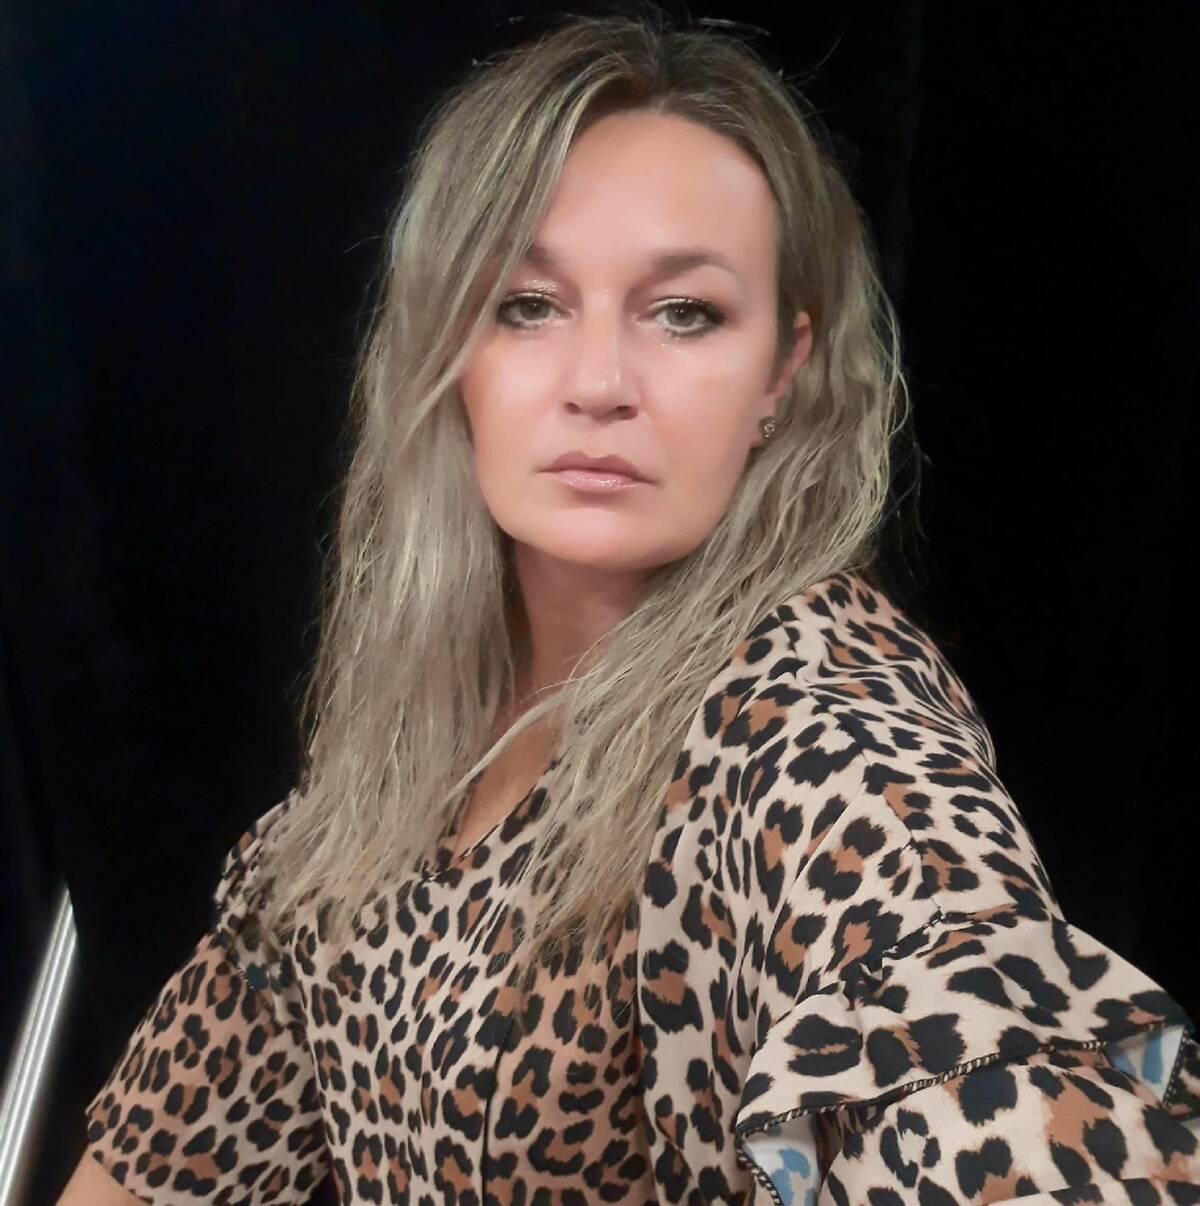 Θρήνος στη Λάρισα: Πέθανε η Δήμητρα Δημητροπούλου - Ήταν μόλις 41 ετών (pics)
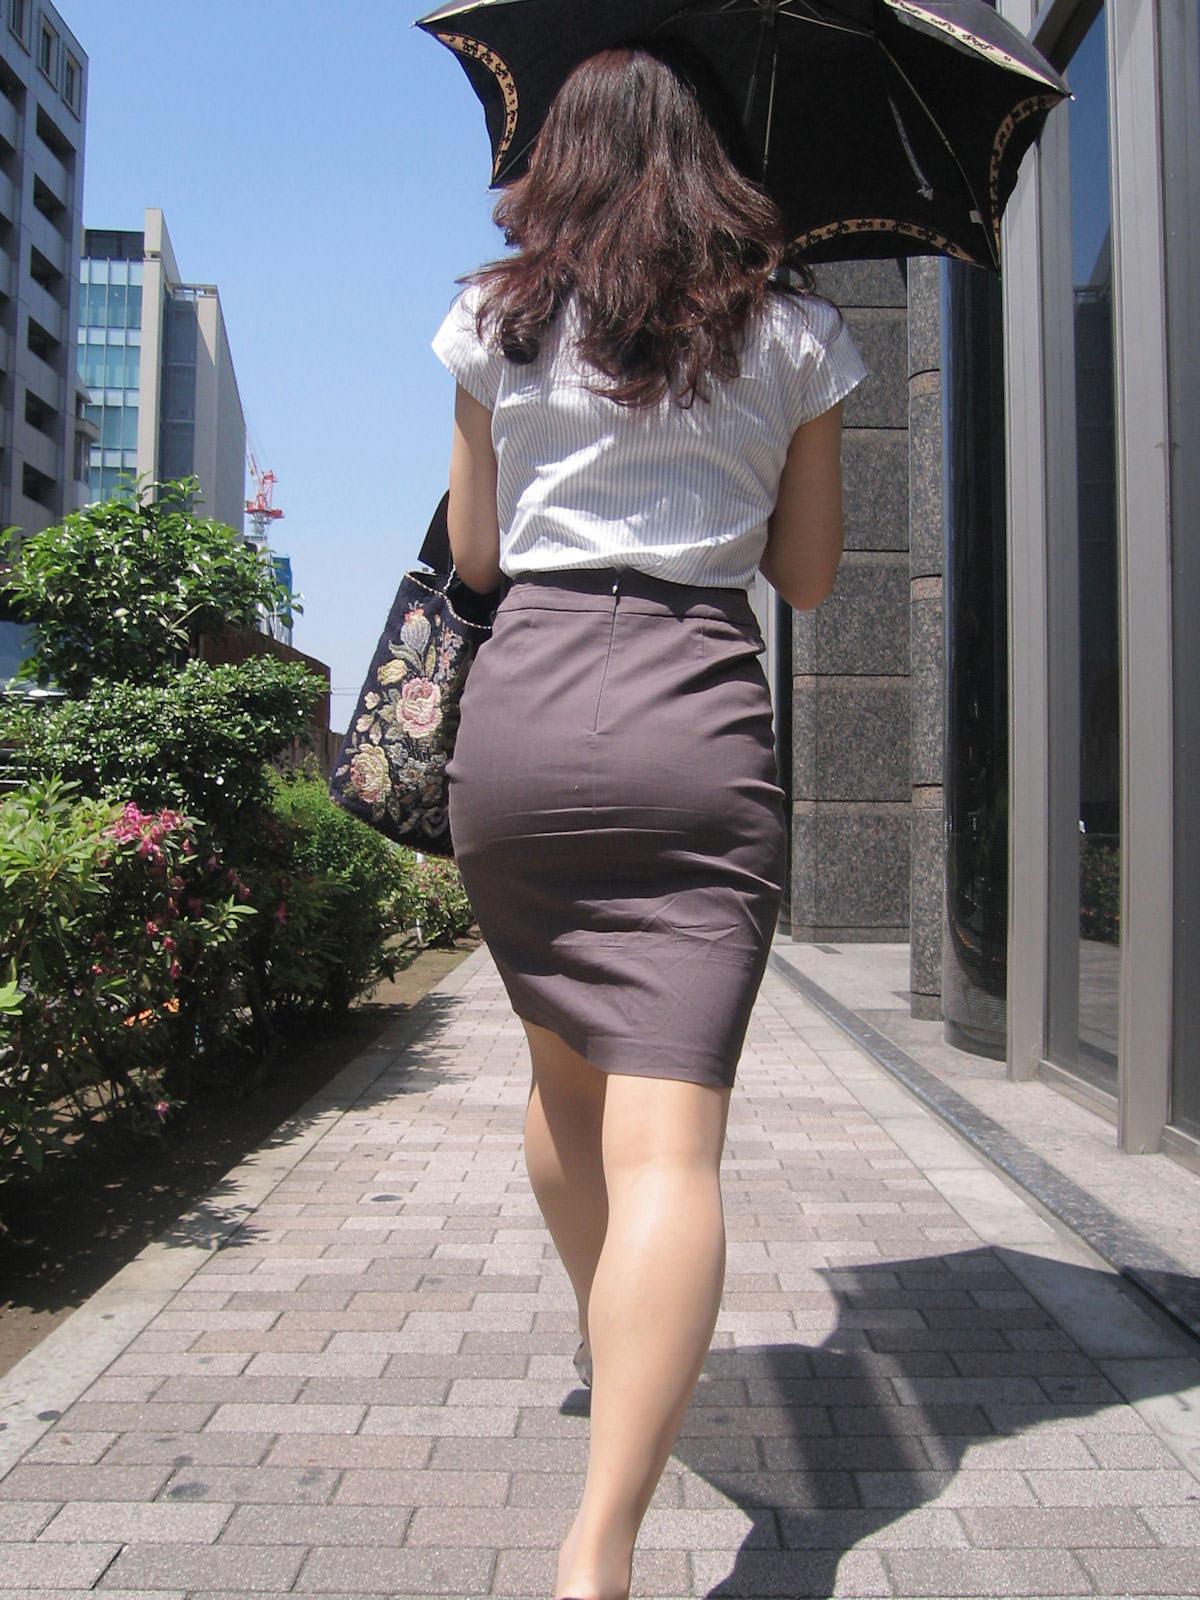 制服着たOLの街撮りお姉さま画像だけで抜く奴www 2406
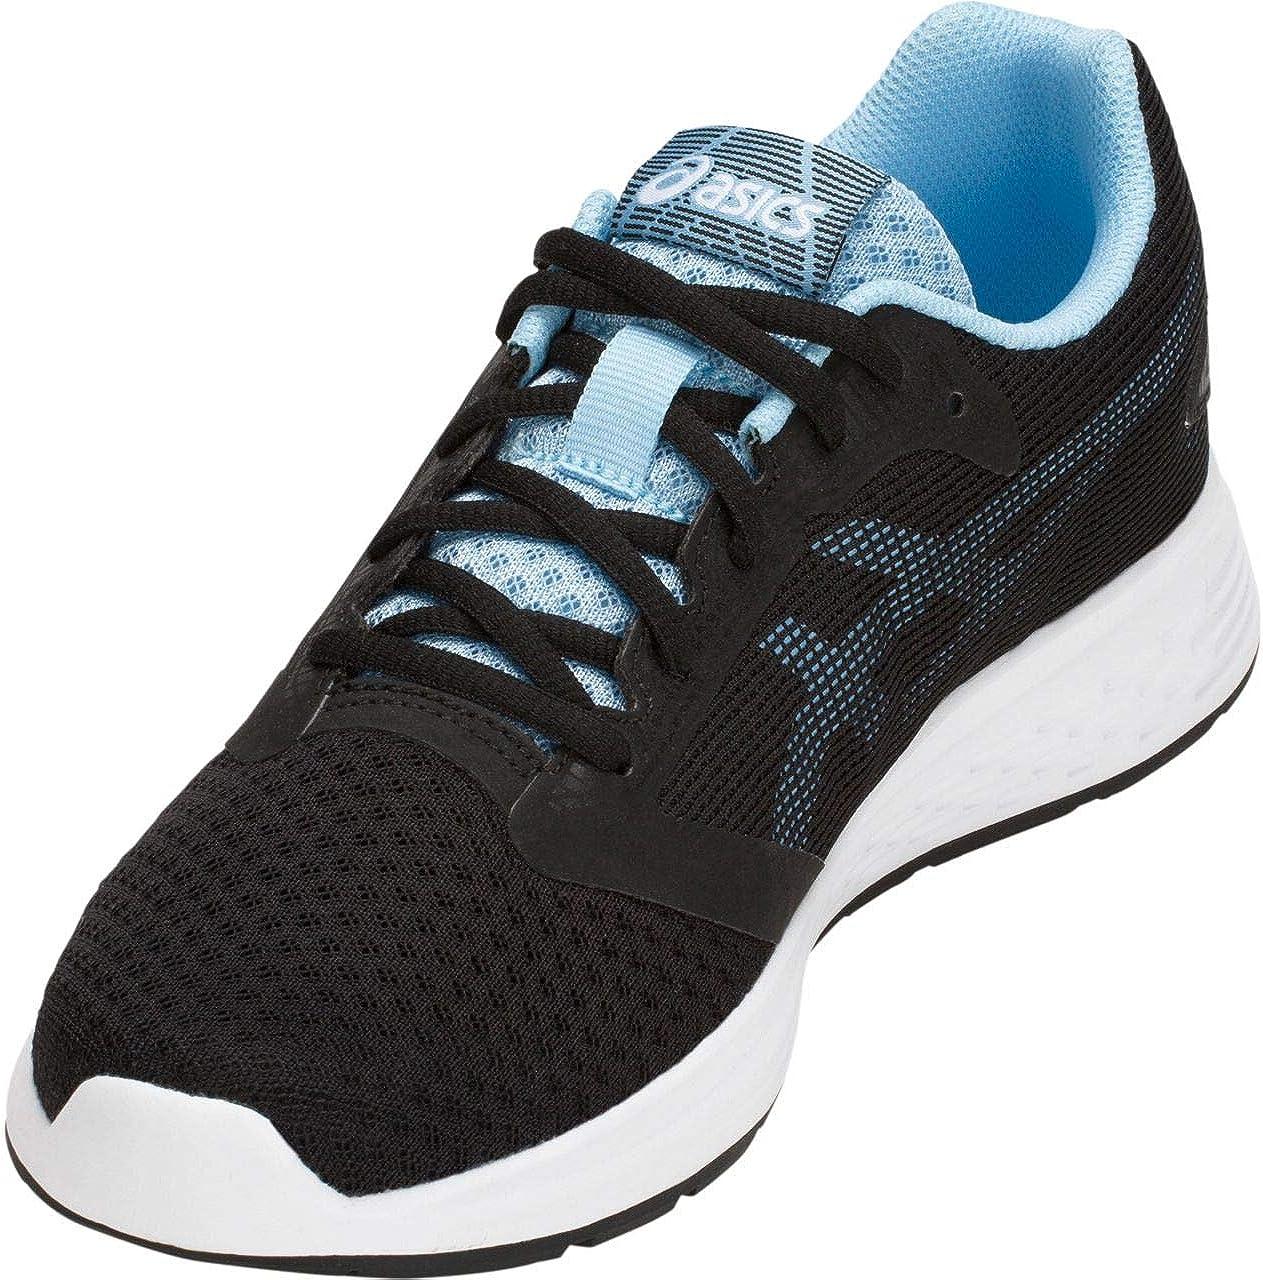 Asics Patriot 10, Zapatillas de Running para Mujer: Asics: Amazon.es: Zapatos y complementos

■ **Work to complete**:
Could you copy each line above exactly as written, minus any pictures?

■ **Answer box**:
 Θρήνος στη Λάρισα: Πέθανε η Δήμητρα Δημητροπούλου - Ήταν μόλις 41 ετών (pics)
 制服着たOLの街撮りお姉さま画像だけで抜く奴www 2406
 Asics Patriot 10, Zapatillas de Running para Mujer: Asics: Amazon.es: Zapatos y complementos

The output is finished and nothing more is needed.